A National Data Agency
President Obama promises a more responsible and accountable government that openly shares information with its people. This includes publishing executive orders and laws before they are signed, so everybody can comment. But it also needs to include the data decisions are based on. An information society needs its data to be available and accessible to make informed decisions – just like its leaders.
What impressed me most about President Obama's inauguration speech was this passage (emphasis mine):
And those of us who manage the public's dollars will be held to account, to spend wisely, reform bad habits, and do our business in the light of day, because only then can we restore the vital trust between a people and their government.
There is no reason to doubt his words: already, the new White House web site has a blog and new sections for all kinds of reports. They will also post executive orders and legislation for review by everybody who cares to look. There is also a very interesting executive order that Obama issued on his first day that reverses Bush's sweeping use of executive privilege to withhold information and allows much more access to Presidential records (including those of past Presidents).
All these great developments notwithstanding, there is still a piece of the puzzle missing: the numbers. This president, more than many (or all) before him, makes his decisions based on numbers. These numbers need to be published and made accessible so we can understand the decisions and make our own.
The challenge is not only data availability. A lot of data is, in fact, available. The US is the most transparent nation in the world – to an extent that can be frightening to an outsider (think pay data for state employees, property tax data, etc.).
The challenge is that a lot of data is published in a format that is human-readable, not machine-readable. This might sound like a good thing, but it's not. Machine-readable data can be processed and transformed into any number of human-readable forms, that direction is trivial. Making human-readable data accessible to a machine is much more difficult, error-prone, and expensive.
What we need is a National Data Agency (NDA). This agency would be tasked with collecting data that all other agencies collect and produce, and making it available in a central place and in electronic, machine-readable form. There could and should be a reasonable data presentation on its website, perhaps even a National Data Dashboard (showing data of interest like debt, spending, jobless rate, etc.). But the bulk of data analysis would be left to third parties: analysts, journalists, citizens (and also aliens like me). Easily available data would make for more insightful reporting, more informed decisions, and endless business opportunities.

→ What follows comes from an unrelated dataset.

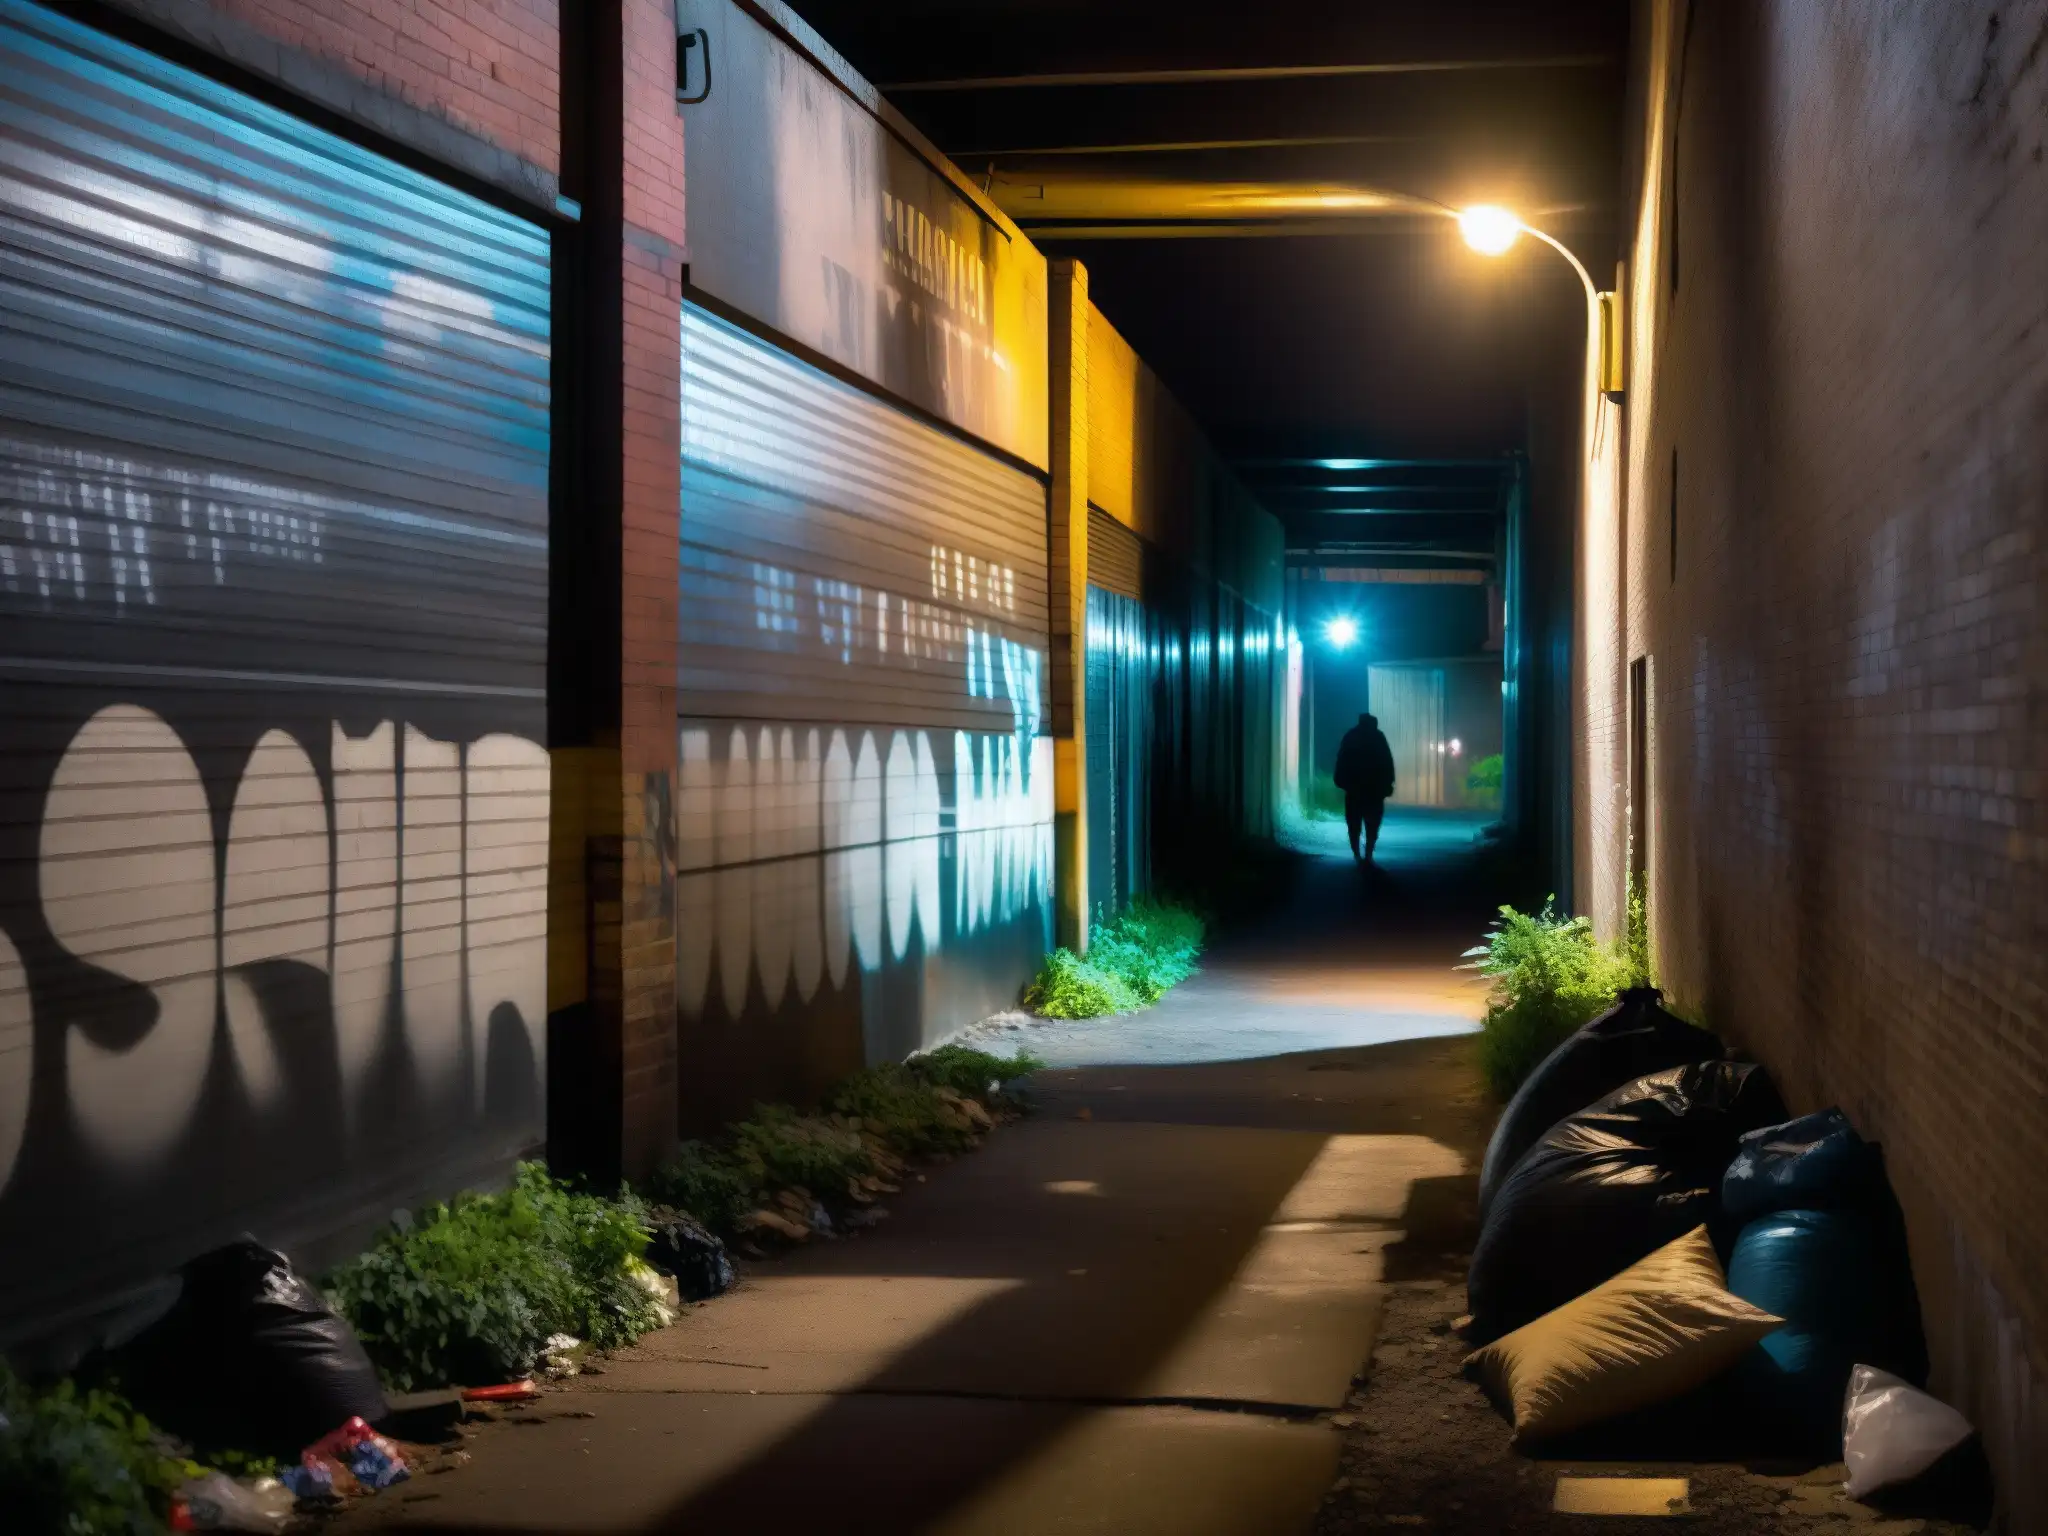 Estudio psicológico criaturas leyendas urbanas: Un callejón sombrío con grafitis, basura y una figura misteriosa en la penumbra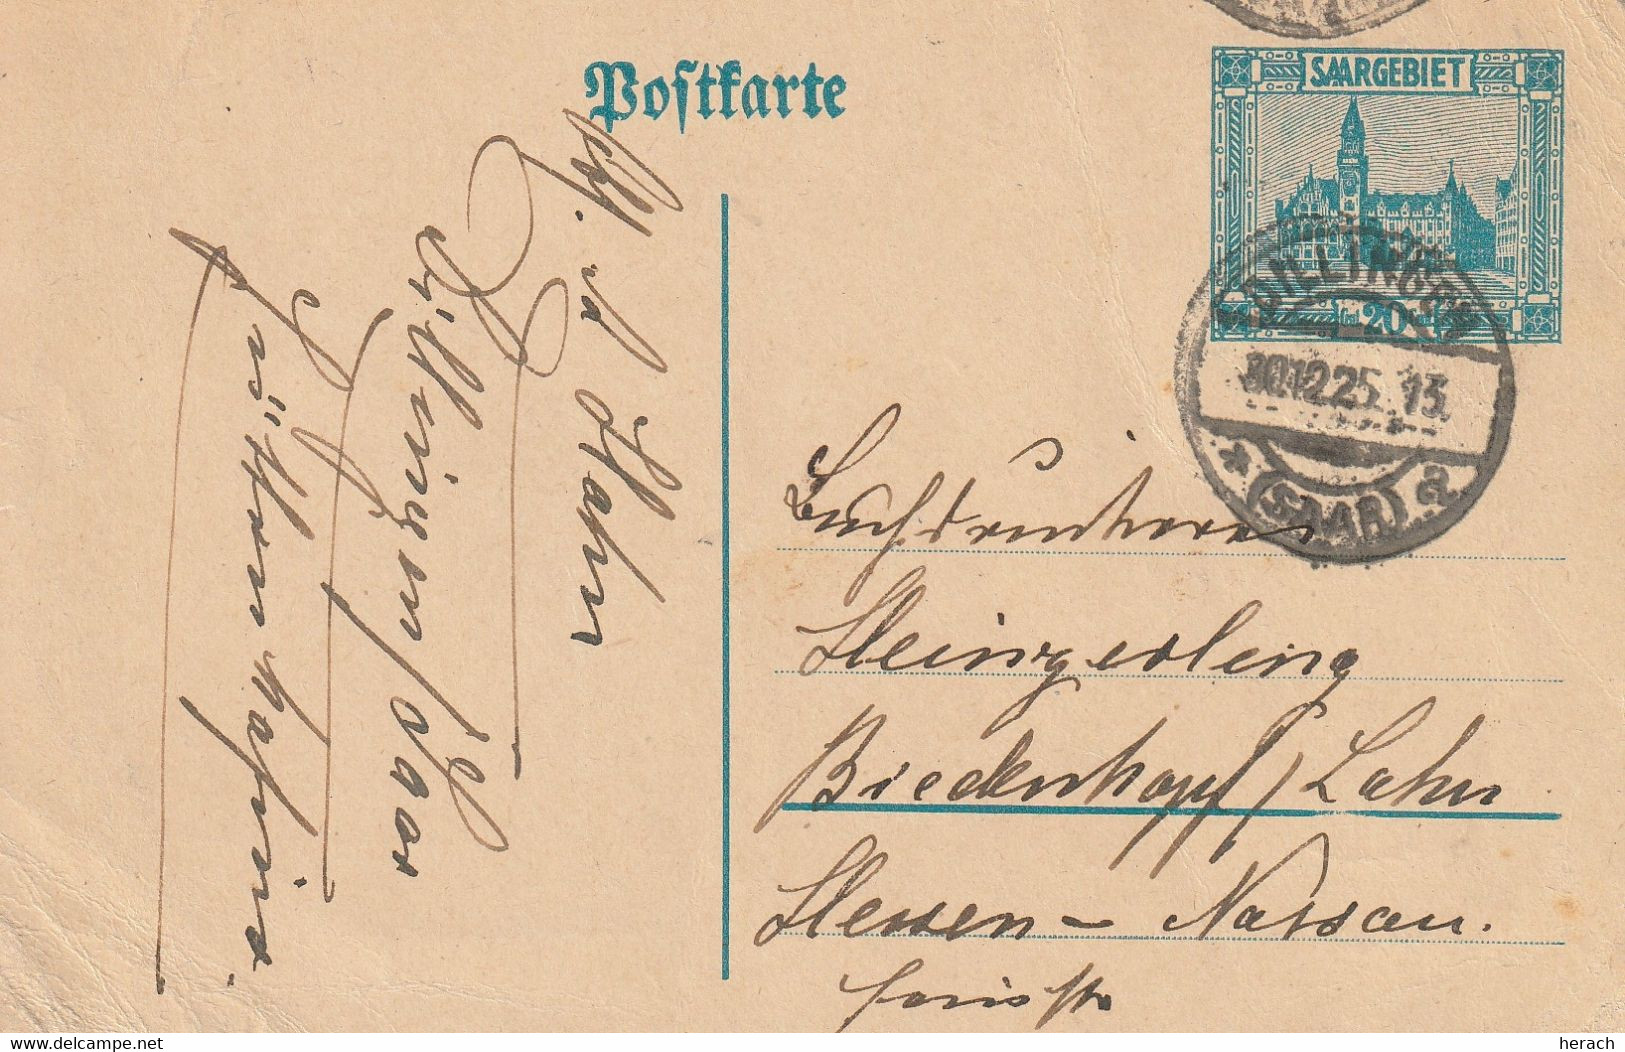 Sarre Entier Postal Dillingen 1925 - Entiers Postaux

There are a number of great initiatives that make it possible to work with data collected from official sources: the Death and Taxes poster, Every Block's collection of local data, They Rule's network of board members, The New York Times' Senate API, etc. These are partly based on data feeds, but mostly on tedious, manual analysis of records and reports. The way data is presented and communicated produces lots of unnecessary work to undo the formatting and get back to the original. Publishing the data as simple data files would be so much more efficient.
The obvious thing to do with the data would of course be to visualize it. Feed it directly to Swivel and Many Eyes and any number of new sites that could build custom visualizations for different kinds of data. We have the tools to build a more informed, more engaged, and more educated society – we just need access to the raw material: data.


Comments
How about an Office of
How about an Office of National Statistics? The Brits <a href="http://www.statistics.gov.uk/">have one</a>. Maybe we should too. Perhaps Secretary of Statistics should be a cabinet-level position. I nominate Andrew Gelman.
Total political transparency, anyone?
These might turn out to be good times to head towards the famed "total political transparency".
Carl Malamud
I do hope everyone here knows the work Carl Malamud has done to make government information freely accessible in a machine-friendly form. If we ever do get a National Data Agency -- which I think is a terrific idea -- I can't imagine anyone who could do a better job at it. For once Carl would be directing the bureaucracy rather than having to fight it.
Sunlight Foundation
Carl Malamud is doing excellent individual work; I would also strongly suggest that you read about the Sunlight Foundation ( http://www.sunlightfoundation.com/ ), which explores this idea in fascinating detail. Sunlight is rapidly turning into the center for tracking and distributing government sources of information.
Economic Data
This type of agency would be a wonderful help for me. When I want to find economic data for my site VisualizingEconomics (even when the data is in a database or excel spreadsheet) I end up with a long list of government sites: BEA, CBO, Fed Reserve, Census, BLS, CIA not to mention World Bank and IMF data. Each with different interfaces for downloading the data into different formats. And while there are attempts to gather this type of econmic data in one place (like Economagic) I don't think any private organization can ever be the central repository.